Listening is an extremely valuable interpersonal skill. Feeling heard cannot only be validating but it can often be the key to a lasting friendship or happy marriage.
Do people often accuse you of being a poor listener? Or do you pride yourself on your good listening yet others maintain often feeling unheard? Regardless of your current ability to listen, there are certain techniques that expert psychology researcher John Stewart advises in becoming a genuinely good listener.
The first step to becoming a better listener is being aware of your assumptions. When listening to someone we often attempt to mind-read, making assumptions on what that person is thinking and is going to say. Subsequently we tend to only hear and accept information that corroborates those preconceived notions. Making these assumptions is a common, almost hard-wired, human response. Thus, the point is not to rid yourself of all assumptions, but rather to check your assumptions. You can check your assumptions by asking the speaker “so what your saying is …” or “if I heard you correctly, you mean …” and then let the speaker confirm or correct.

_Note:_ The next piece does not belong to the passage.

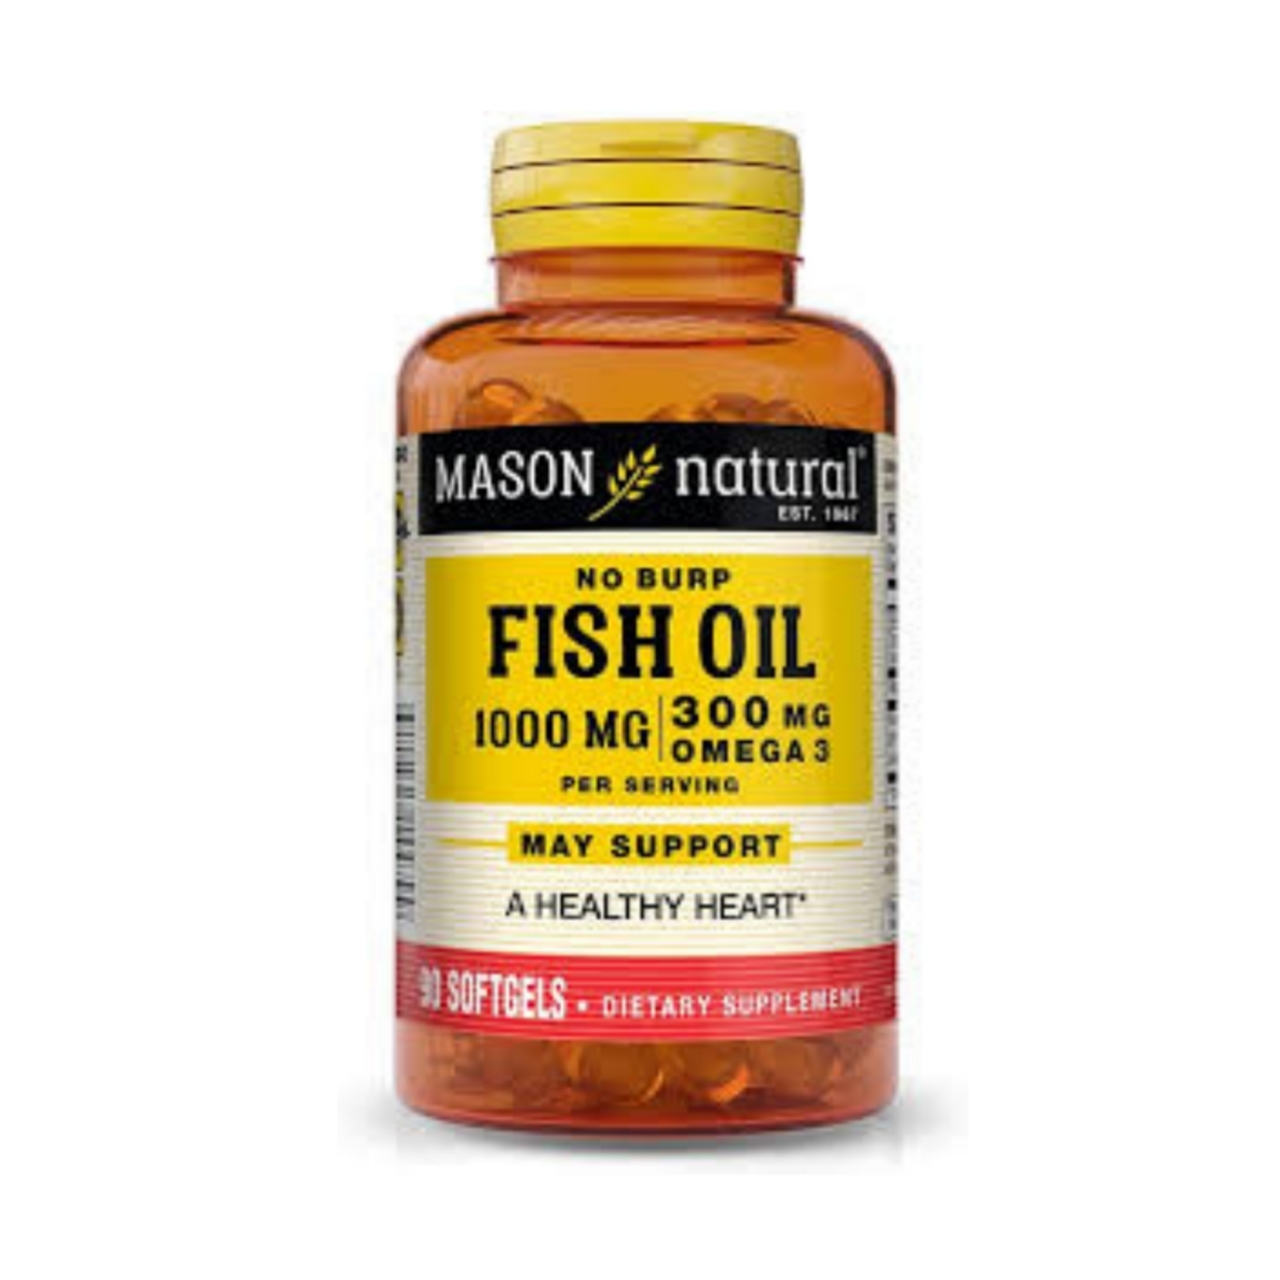 Fish oil 1000mg +300mg omega-3
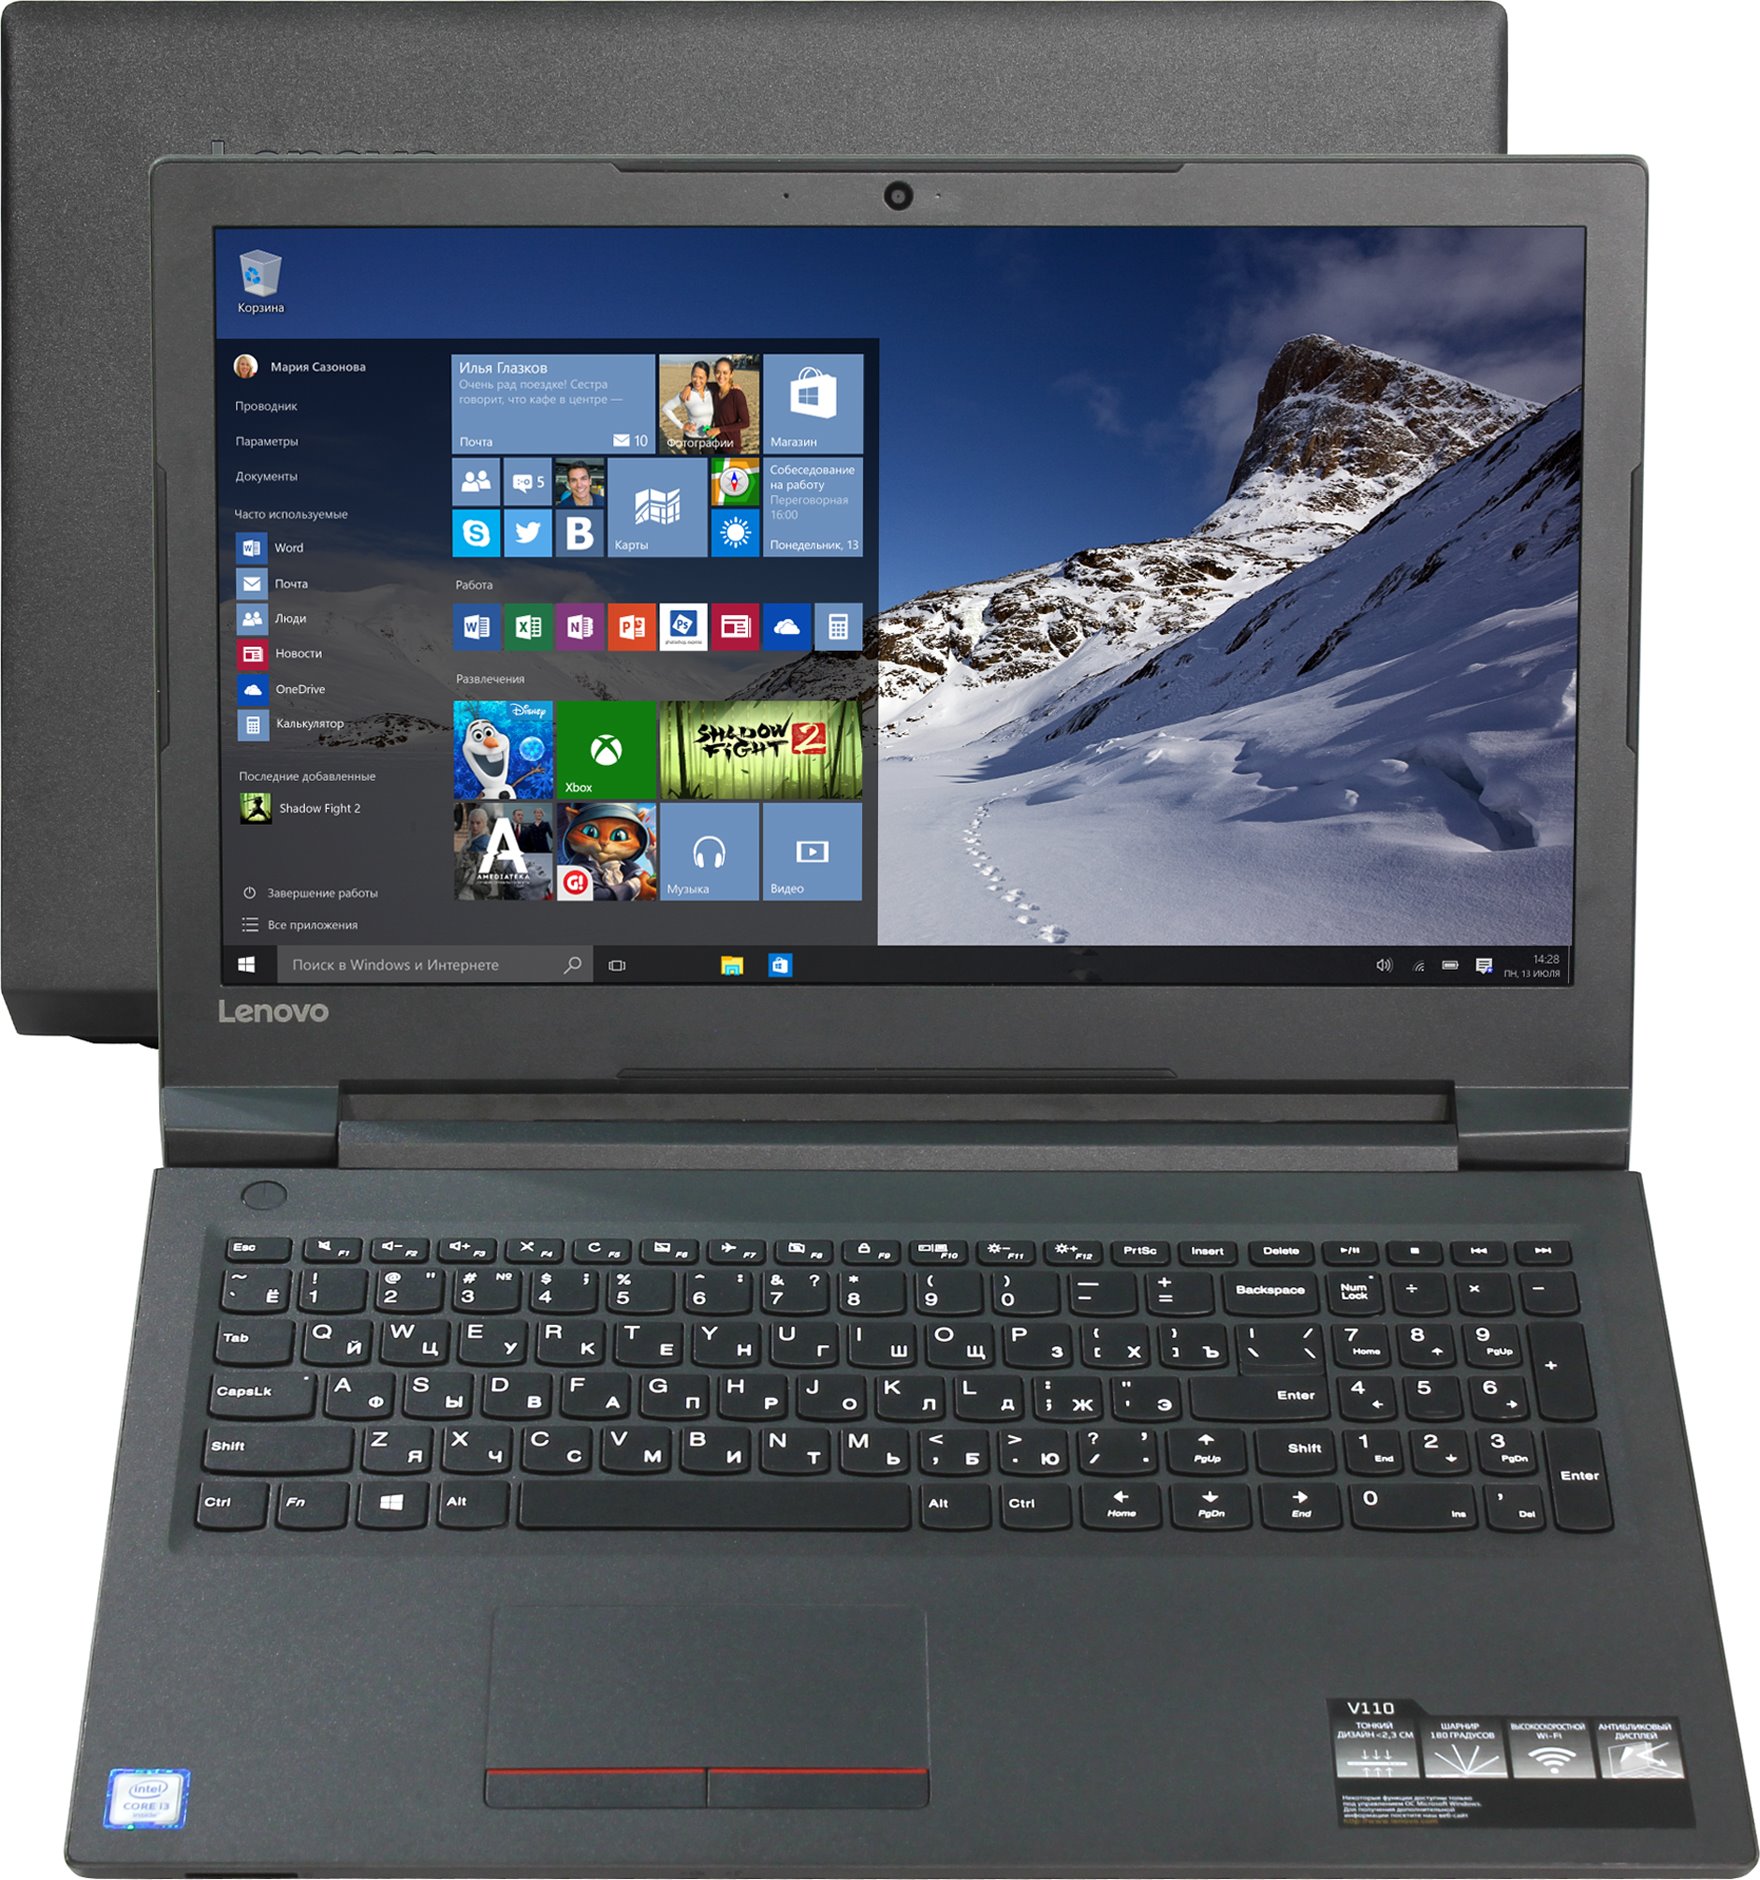 Ноутбук Lenovo V110-15, 15.6", Intel Pentium N4200, 1100 МГц, 4096 Мб, 500 Гб, Intel HD Graphics 505, Wi-Fi, Bluetooth, Cam, DOS, чёрный

The second step is to become genuinely curious. Cultivating a sense of genuine interest in what is being said creates an environment where the person not only feels heard but also where you are able to accurately hear them. A good way to achieve this is by asking open-ended questions such as “tell me more about …” or “explain how that felt”. Open-ended questions not only encourage deeper exploration in regard to the speaker, but they also imply that you are an active and interested listener.
The third step is to suspend judgment. When we are listening and hear something we disagree with we often begin to judge and even shut down. This in turn prevents active listening and causes us to miss important messages. The solution to this is allowing the person to speak their entire message without any interruptions. In doing this, you’ll often find that despite some disagreement there is some shared ground to be found.
The fourth and final step is to know your limitations. Becoming a better listener requires genuine curiosity and humility. We are often over tired, rushed, or too stressed to do what it takes to be an active listener. In such instances, there is nothing wrong with saying, “I know this is important and I want to give you my full attention, but unfortunately I am unable to do that right now, so can we talk a bit later?”